Dollar's Dive Depends on Fed Zigging as ECB Zags: Mark Gilbert
By Mark Gilbert

Nov. 30 (Bloomberg) -- Combine faltering U.S. growth with a robust European economy, diverging monetary-policy outlooks for the two regions, and maybe you have an explanation for the dollar's precipitous decline in the past week. Maybe.

The U.S. currency dropped to a 20-month low of $1.3218 against the euro this week, down from about $1.28 last week. The British pound now buys about $1.95, up from $1.72 at the start of the year. Even the Japanese currency has managed to strengthen, to about 116 per dollar from as weak as 120 yen a month ago.

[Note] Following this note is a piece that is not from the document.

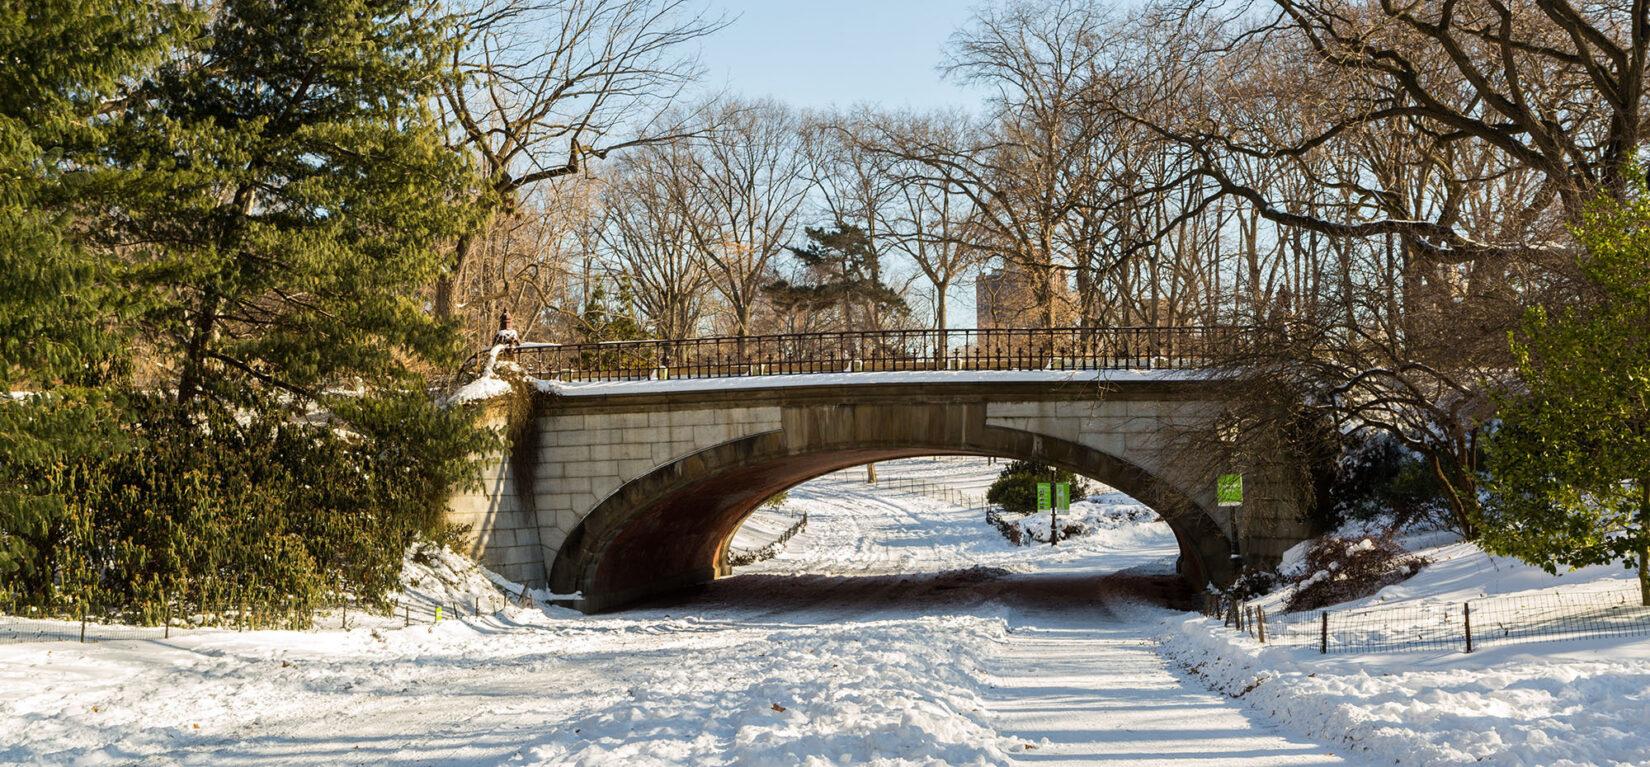 Winterdale Arch Snow January 2018 0002

While dollar bears are rejoicing, it is hard to isolate a trigger for the sell-off, which began while the U.S. was slipping into its annual tryptophan-induced Thanksgiving coma. It seems likely, though, that further dollar weakness depends on Mr. Market's interest-rate forecasts coming good.

A year ago, economists were predicting that 2006 would conclude with the benchmark U.S. interest rate at 4.75 percent. Instead, the Federal Reserve has cranked borrowing costs up to 5.25 percent. The most recent surveys suggest that the next move will be a zig back down to 5 percent.

In Europe, the consensus calls for the European Central Bank to zag twice more. Economists see the Frankfurt-based institution raising rates when it meets next week and again in the first quarter of 2007, pushing its benchmark lending rate to 3.75 percent from 3.25 percent currently.

History Lessons

This is the first time since the single currency's 1999 introduction that borrowing costs in Europe are heading higher at the same time as U.S. rates may be poised to decline. The currency market, though, has a mixed record when it comes to paying attention to such differentials.

The last time U.S. and Europe diverged this way, with European money-market rates rising while U.S. deposit rates decreased, the dollar gained against the euro's predecessor, the European currency unit.

In October 1990, the Fed embarked on a series of reductions that cut benchmark borrowing costs by 2.25 percentage points in about six months. In the same period, Germany's Bundesbank tightened by 1.3 points. Nevertheless, the U.S. currency strengthened to $1.20 per Ecu from $1.37.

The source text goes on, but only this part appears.